Storing Master Password on Separate Server
For additional security, PAM provides a simple method for storing your Master Password (what is the Master Password?) key on a separate host.
If you are considering this approach, then the following describes the method to configure this setup during installation.
Pre-requisites
- At least two servers, one to store the master password and the other for the PAM installation.
- Encrypted traffic between these servers is over port 10636. Ensure this port is open.
Configuration
- Login to the server that will be used to store the Master Password and run the PAM setup file.
- During installation, on the Choose Components screen, check the option Directory Service only.
- Complete the installation and save the Passwords supplied at the end to a safe location.
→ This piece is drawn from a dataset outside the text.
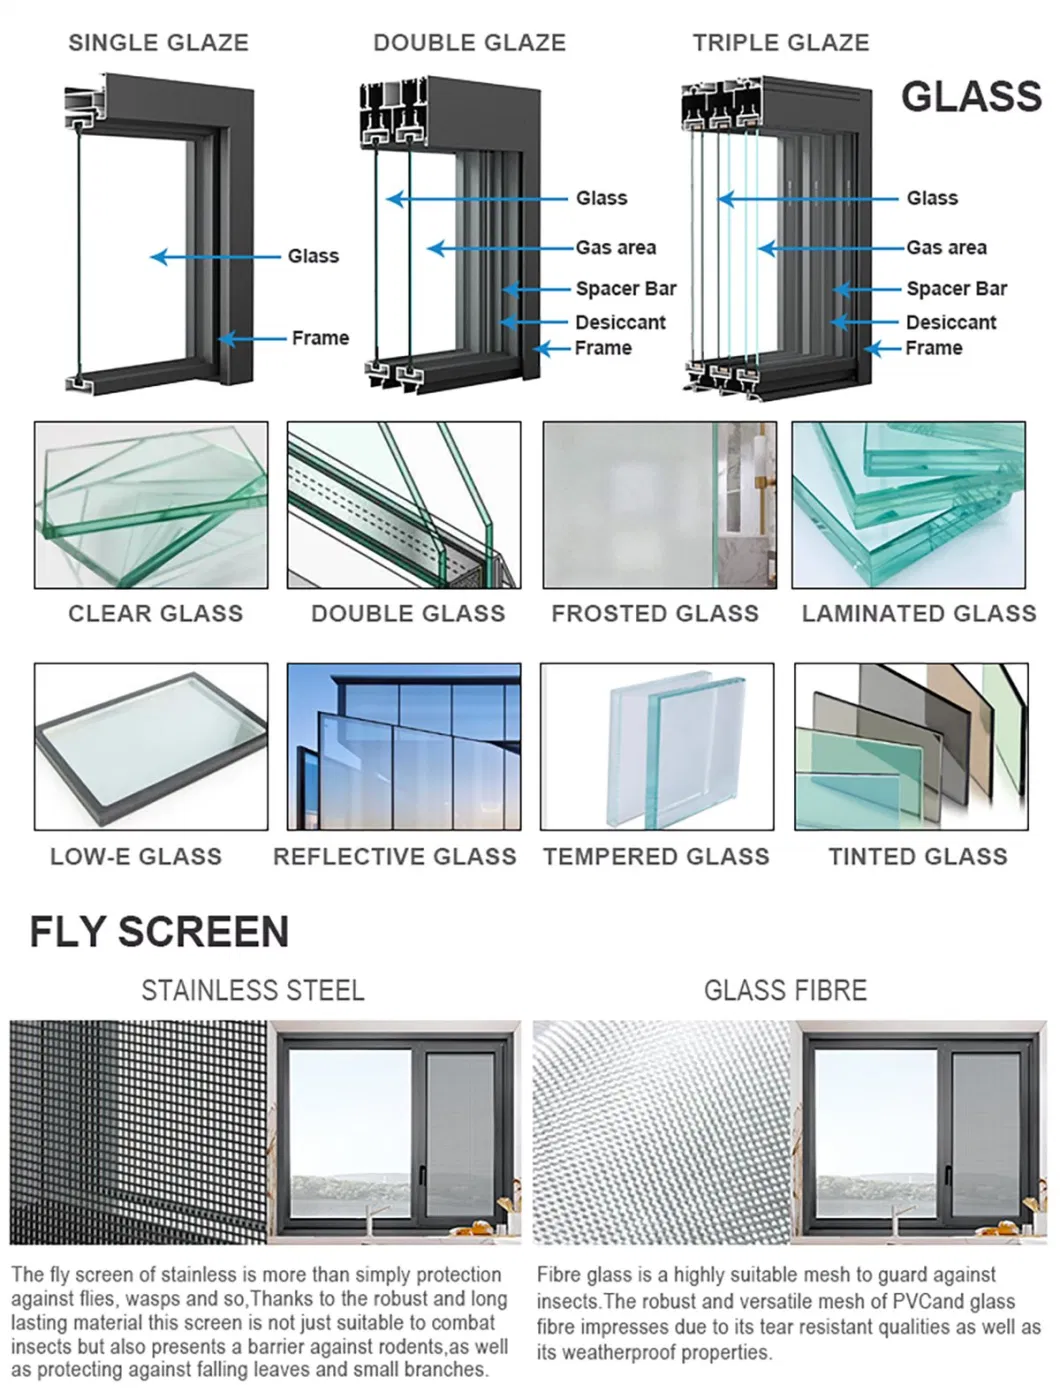 Heavy Duty Exterior Metal Aluminium Doors High Quality Aluminium Alloy Frame Sliding Patio Glass Window and Door for Villa

You will need the Directory Password later in this guide.
- Login to the server that will be used to for the PAM installation and run the PAM setup file.
- During installation, on the Choose Components screen, check all the options required for your deployment, leaving the Directory Service option unchecked.
- Continue through the installation as required.
- When you reach the Directory Service screen:
- For the Server, enter the name or IP address of your Master Password server and optionally the port 10636.
- For the Password, enter the Directory Password that was generated at the end of the PAM Master Password installation (example shown in the screenshot above).
- Click the Connect button to test.
- When the test connection is successful, continue as required by clicking Next to complete the PAM installation.
For example, serverName or serverName:10636.